Brejcha told LifeSiteNews the attorney general’s argument is reminiscent of Virginia governor Ralph Northam’s stating that babies who survive abortion aren’t resuscitated as the law requires if that’s not what the mother and family wants.

“Now here’s evidence in a court proceeding that shows he wasn’t a lone voice in the wilderness,” Brejcha said. “Apparently that’s the way these people feel, once the woman wants the child aborted, the child is not a child.”

The prosecution also argued that the defense presented no evidence to support Daleiden’s claims.

But Ferreria’s brief contends that the “defendant has only to produce some evidence of an affirmative defense of an exception or excuse and the burden shifts to the prosecution to prove that the defense does not lie.”

On cross-examination, deputy attorney general Johnette Jauron did not rebut Daleiden’s “detailed research into fetal organ trafficking including the commission [of] violent felonies,” it states.

It summarizes Daleiden’s testimony that he discovered a 2012 Stanford School of Medicine study that used human fetal hearts supplied by fetal tissue procurement company StemExpress in a Langendorff apparatus, and that stem cell expert Dr. Theresa Deisher, who testified at the preliminary hearing, told him the study required a beating heart harvested from a living baby.
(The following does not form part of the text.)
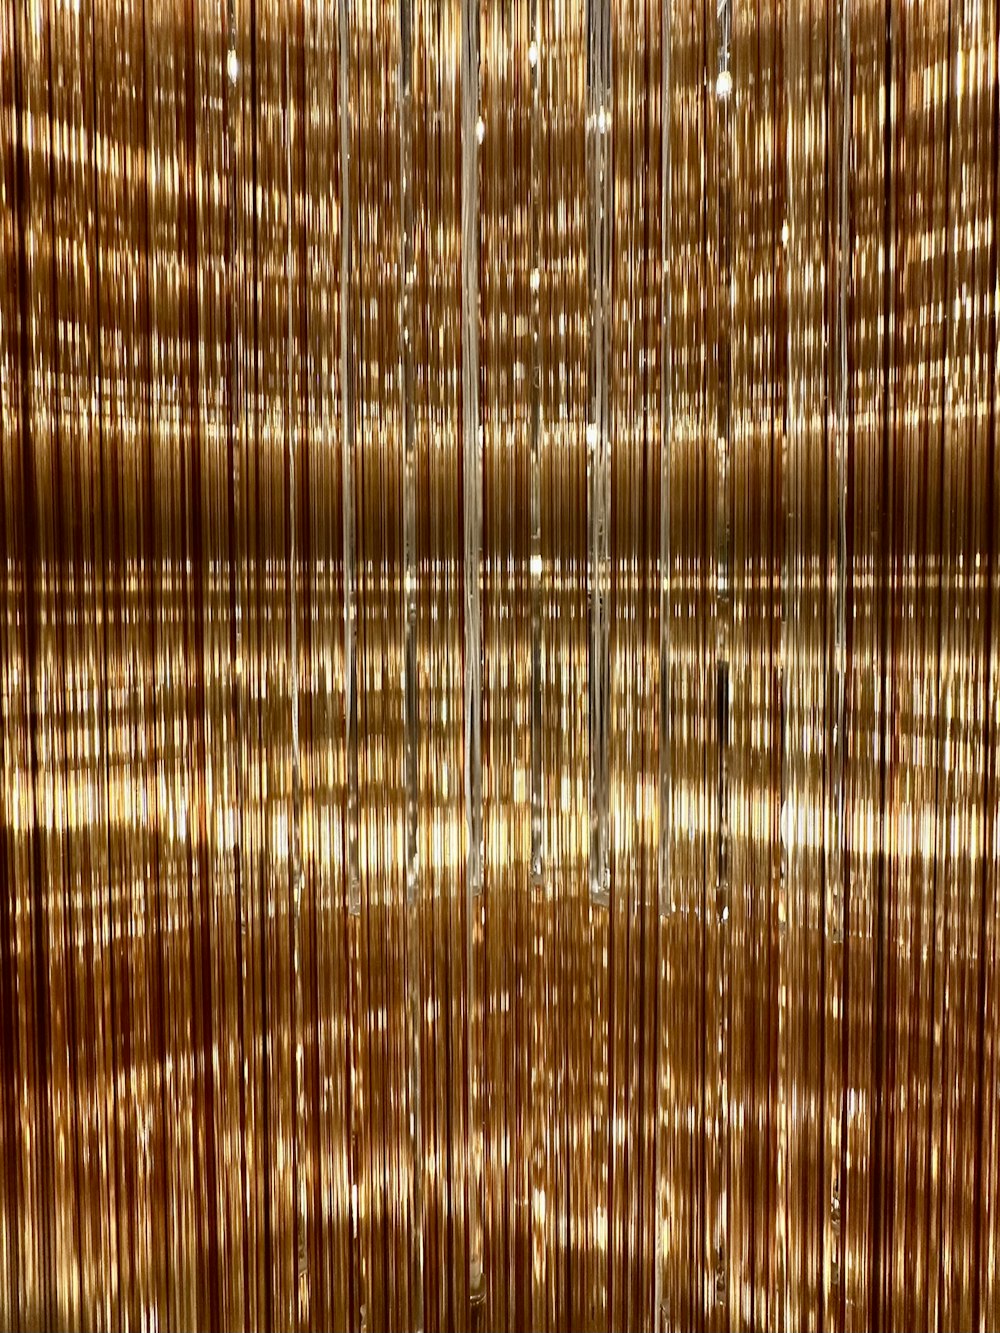 Ein Raum mit vielen goldfarbenen Vorhängen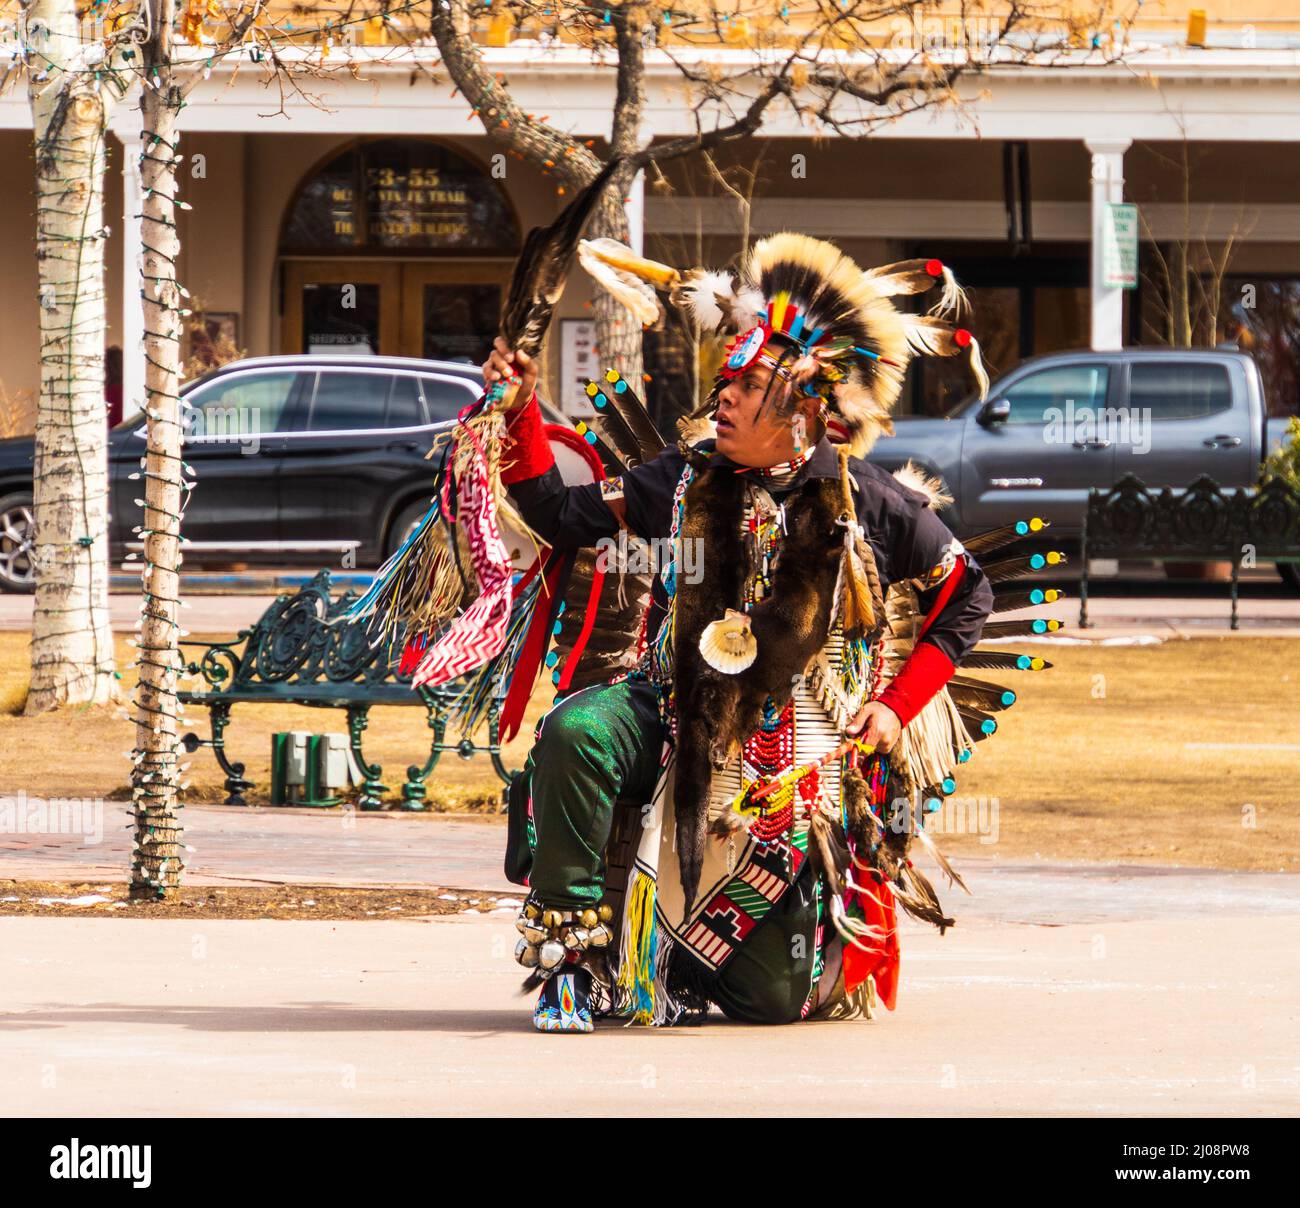 Santa Fe, Nuevo México/EE.UU.- 25 de febrero de 2022: Bailarín indígena nativo americano en el baile tradicional de disfraces en la plaza Foto de stock

Daleiden learned from Perrin Larton of Advanced Bioscience Resources “that she knew of intact fetuses simply falling out of the womb during abortion procedures. She would then harvest organs from these fetuses. She described these fetuses as not breathing but she was not a doctor and did not check them for a heartbeat,” the brief states.

Abortionist Dr. Forrest Smith testified “that a later term second or third trimester fetus that was not killed in the womb and was delivered (as described by Perrin Larton) would create a rebuttable presumption that the fetus was alive with a beating heart and that the abortion doctor would have had a legal duty to try to keep him or her alive.”

Before publishing the videos, Daleiden took his findings to several law enforcement agencies. Based on this evidence, the Orange County district attorney’s office “shut down a fetal tissue procurement company for profiting off the sale of human fetal organs.”

But two California attorneys general “brought these criminal charges against the whistleblower for uncovering the truth” in an effort “to protect their political ally Planned Parenthood,” Ferreira’s brief states. “This sham prosecution … must end.”

Judge Christopher C. Hite of San Francisco Superior Court will rule October 22 if there is probable cause to proceed to trial.